**REQUIRED WORK**
Pictures should be left out when the listing below is repeated word for word.

**RECORDED INFORMATION**
----

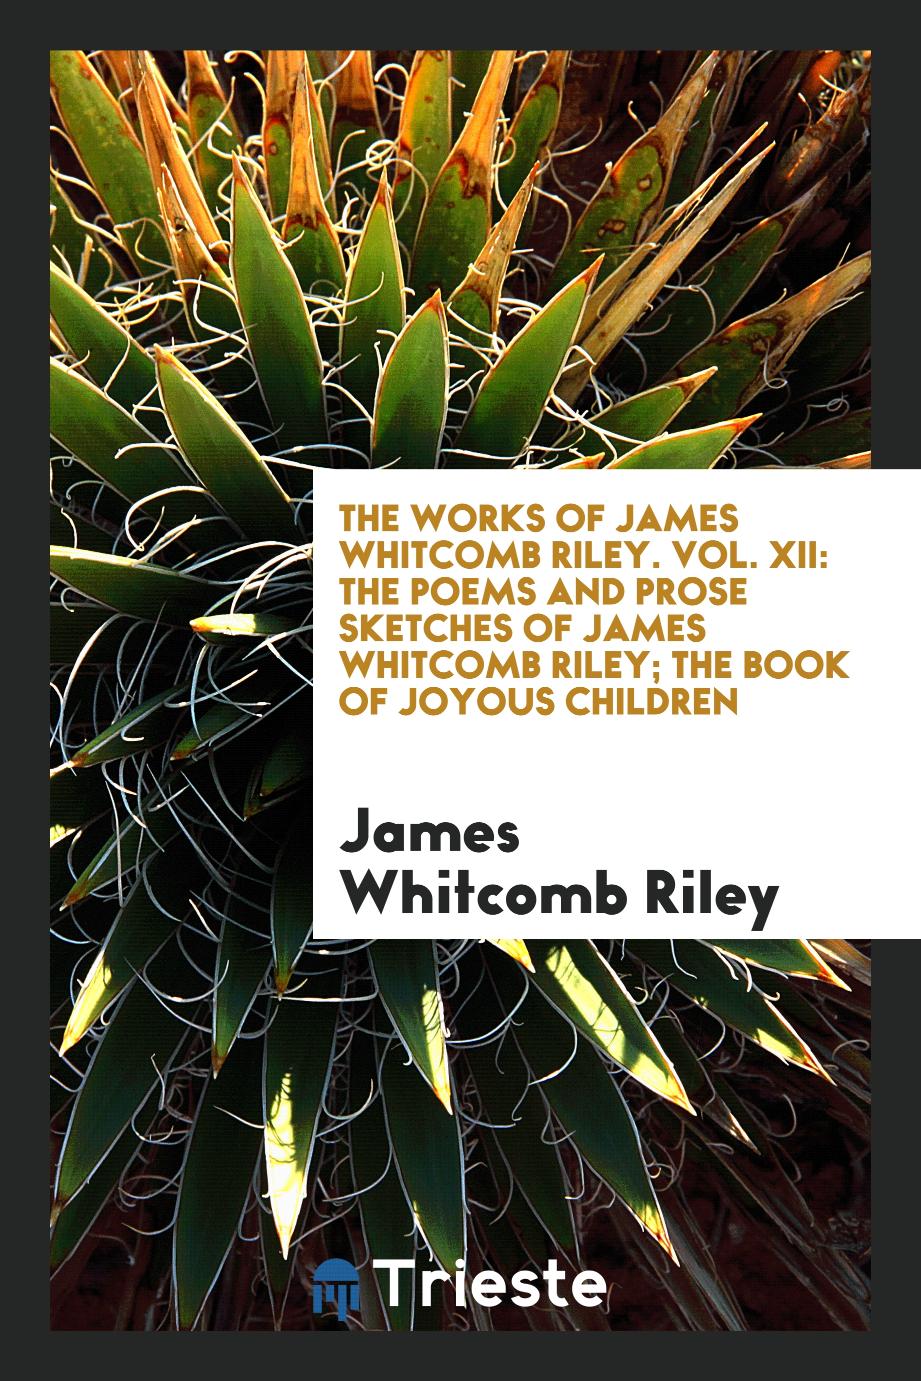 The Works of James Whitcomb Riley. Vol. XII: The Poems and Prose Sketches of James Whitcomb Riley; The Book of Joyous Children
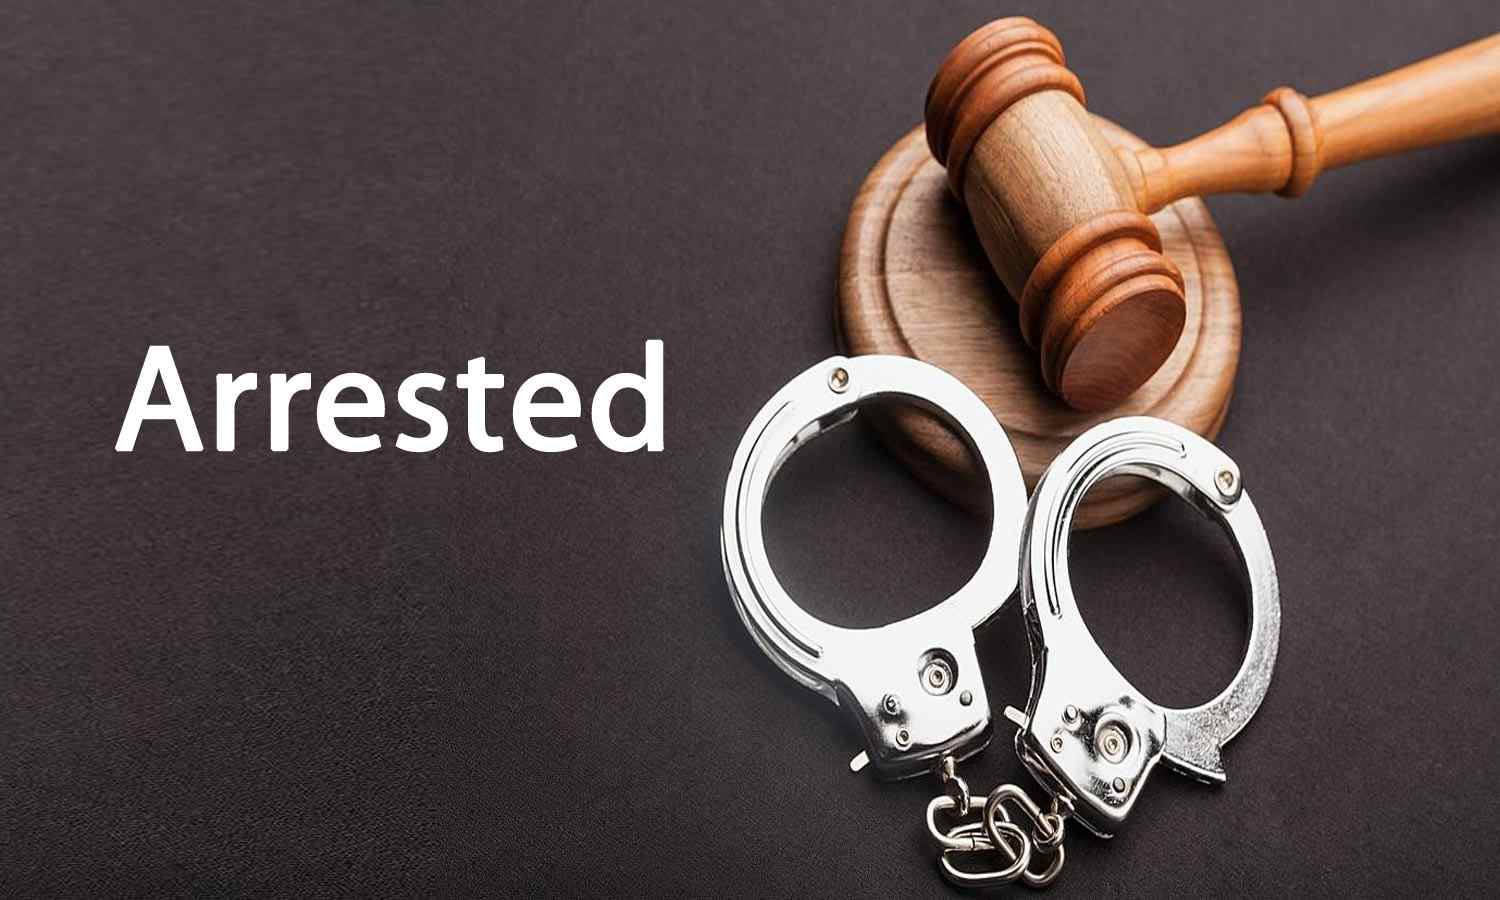 Imposter examinees arrested
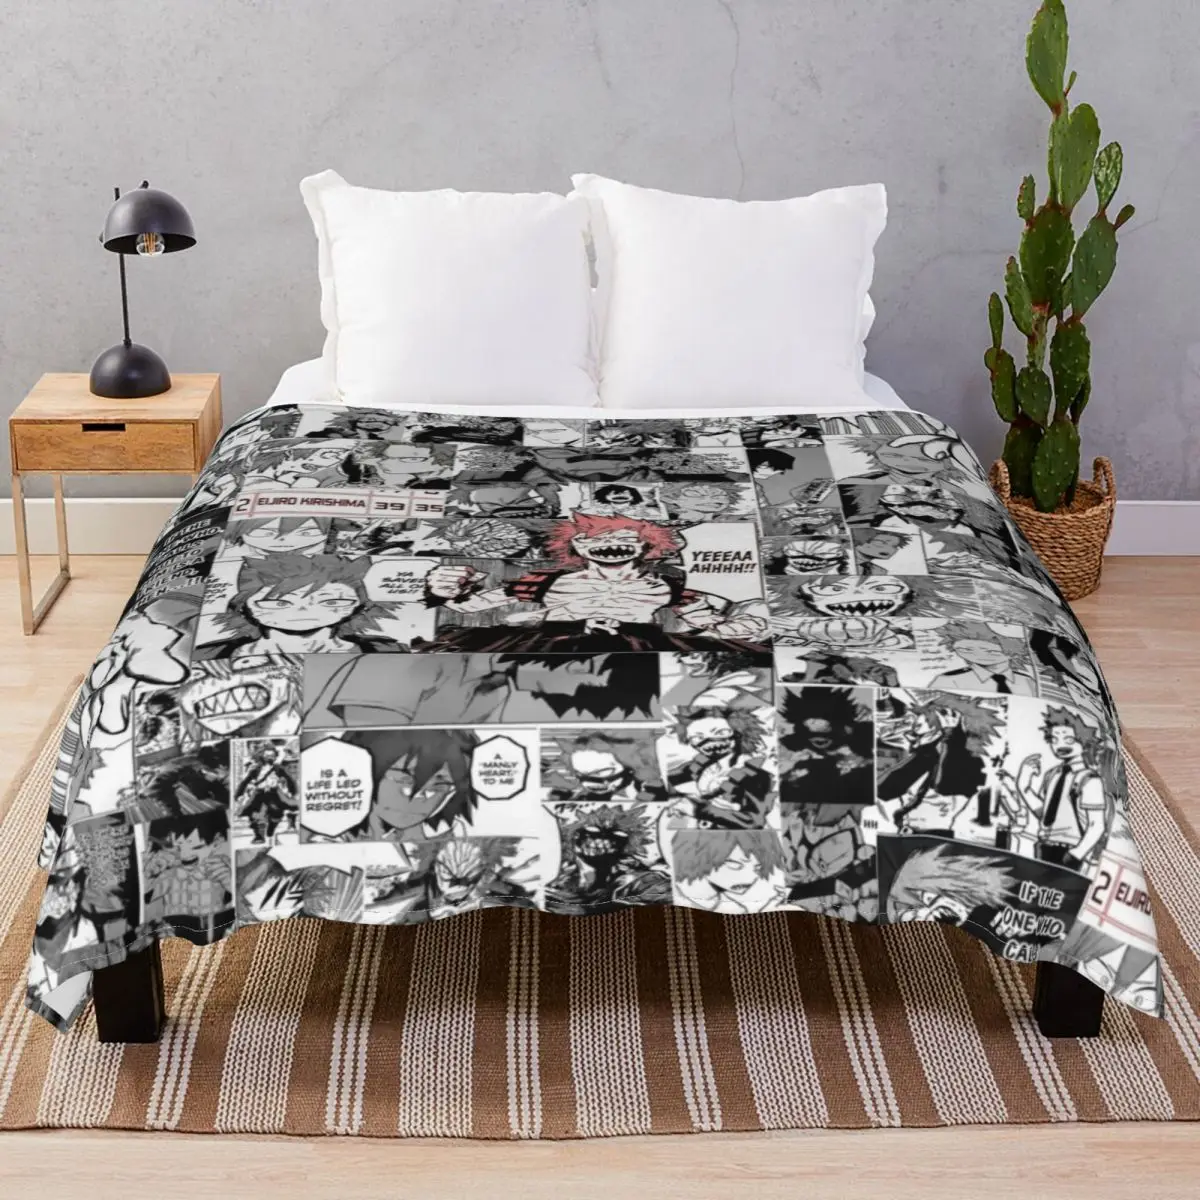 Red Riot Manly-hearted Hero Blanket Flannel Plush Print Super Soft Throw Blankets for Bed Sofa Travel Cinema

----

**EXERCISE SOLUTION**
 The Works of James Whitcomb Riley. Vol. XII: The Poems and Prose Sketches of James Whitcomb Riley; The Book of Joyous Children
 Imposter examinees arrested
 Red Riot Manly-hearted Hero Blanket Flannel Plush Print Super Soft Throw Blankets for Bed Sofa Travel Cinema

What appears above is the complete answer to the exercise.